Friday, December 31, 2021

Happy New Year from The Crane's (2021 Year in Review)

To send a Christmas card… to not send a Christmas card…
To blog a Christmas card… to not blog a Christmas card…

I have been going back and forth for a long time, and basically it came down to lack of time and expenses (stamps and printed cards aren’t cheap, sorry friends), and I ended up not getting either option done.

And this was the one year we actually had all the amazing photos to choose from, and all the fun things to share about! So, five days before Christmas I told myself I would order New Year’s Cards and mail them all out at the beginning of the year… but also thinking perhaps ordering Valentine’s Day Cards instead, knowing the trajectory of everything right now.

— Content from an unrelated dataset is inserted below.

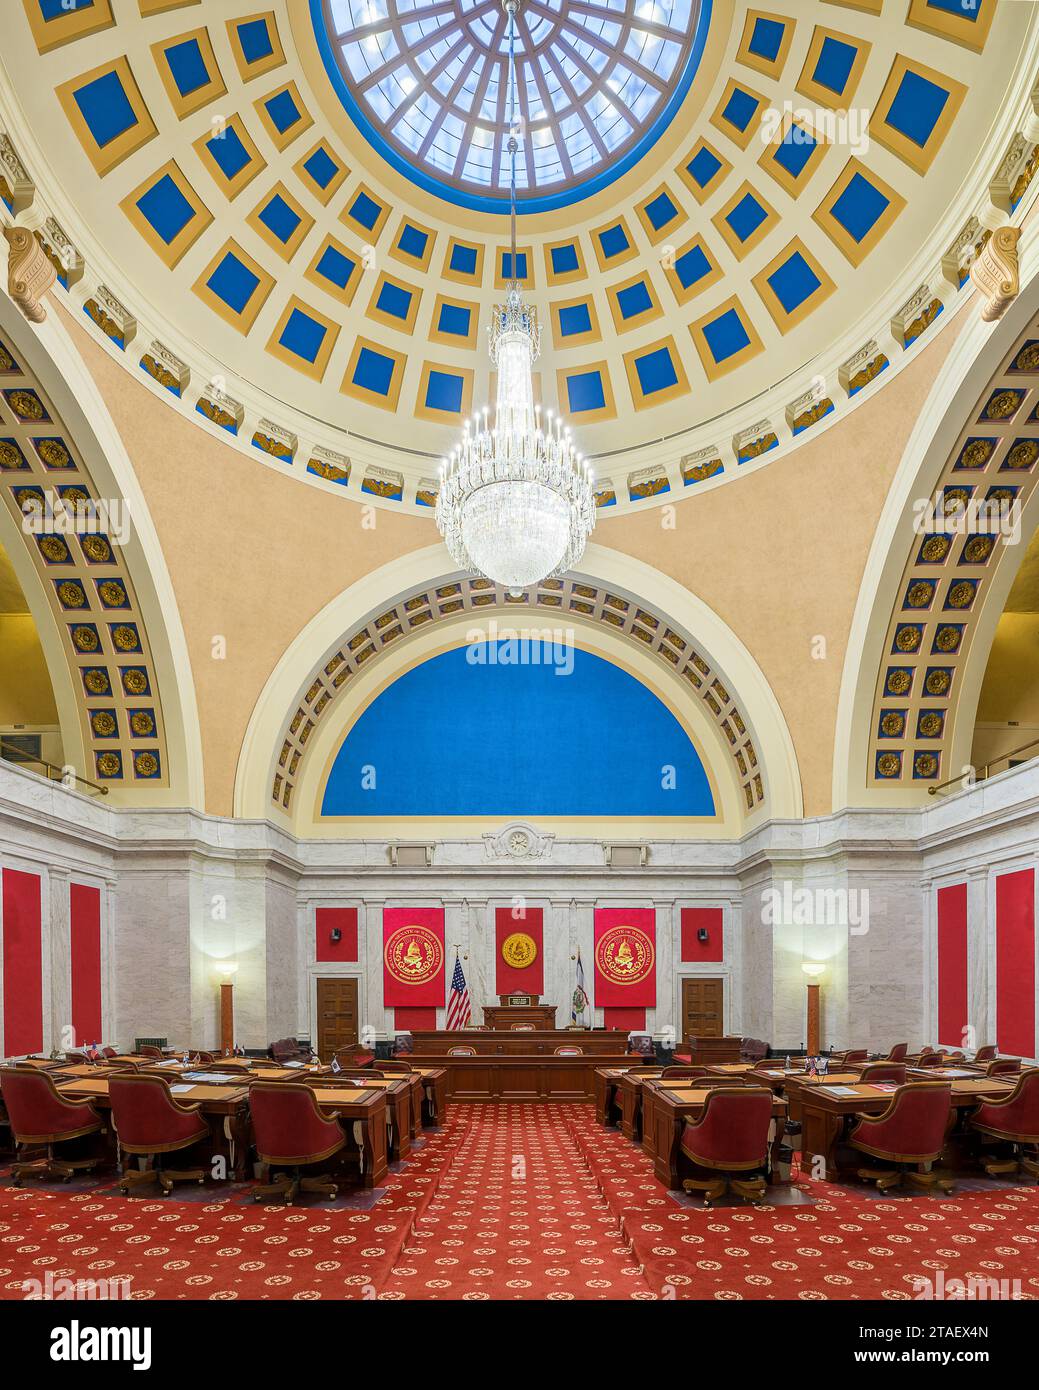 Senate chamber of the West Virginia State Capitol building at 1900 Kanawha Blvd E in Charleston, West Virginia Stock Photo
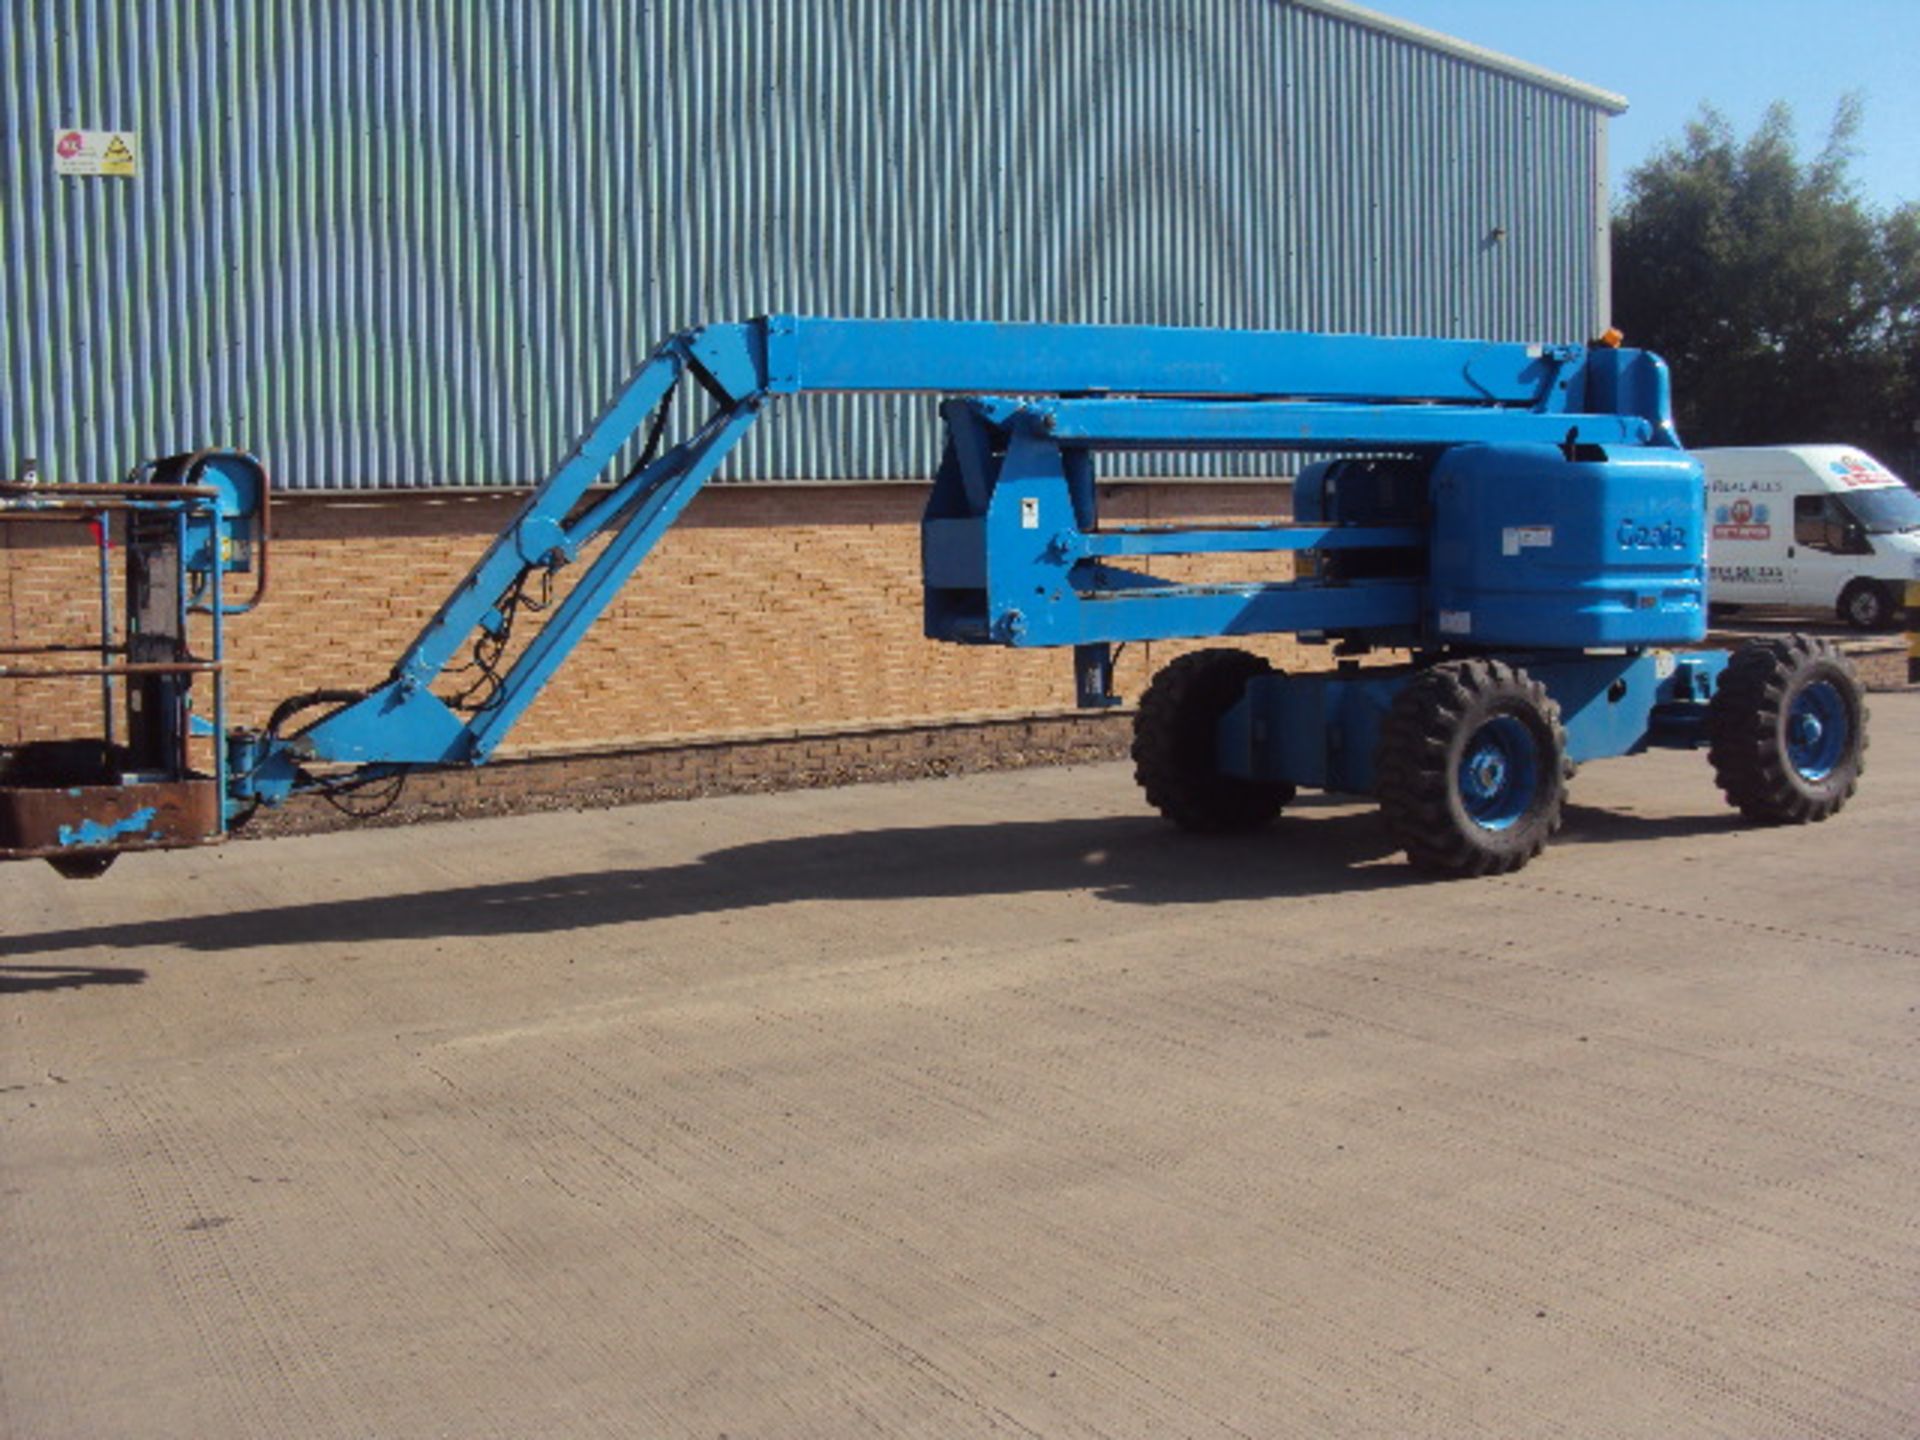 1999 GENIE Z60-34 60' 2wd articulated boom lift S/n: Z60-1983) (4991 recorded hours) (RDL)

But here we are… several days post Christmas and suddenly I find myself attempting to write a Christmas Blog post after all. It will be a surprise to all (myself included at this point) to see if this turns into a printed letter in the mail or a published letter on the internet… and will it be Christmas / New Year’s / Valentine’s? Oh the suspense is killing me right now. Lol.

2021 - It was another crazy year here.

Crazy crazy, crazy busy, crazy hard, crazy good. Luckily there was a really heavy layer of the crazy good covering up most of the other crazy pretty well.

I managed to survive a pretty intense virtual race challenge in mid January and would end up dealing with a pretty serious back injury after a week after it, which would take me a good four+ months to recover from. I still have to be really careful what I do, and need to listen better to my body when I need to slow down and rest a bit.

It was a winter full of snow and wedding planning (while either flat on my back in bed or braced up tight in a back brace). I got asked to help make flowers, and cakes, and cut out invites and programs… just to name a few of the fun things!! And, because planning a wedding wasn’t enough to keep them busy, Bailey and Coby also bought an acreage and completely remodeled the entire main floor of an old farmhouse, and set up Bailey’s salvage business on the back side of the property near Germantown, IA. All their families came together to help tear down, tear out, clear out, rebuild, and get things moved and settled. They officially moved in when they returned from their honeymoon in June.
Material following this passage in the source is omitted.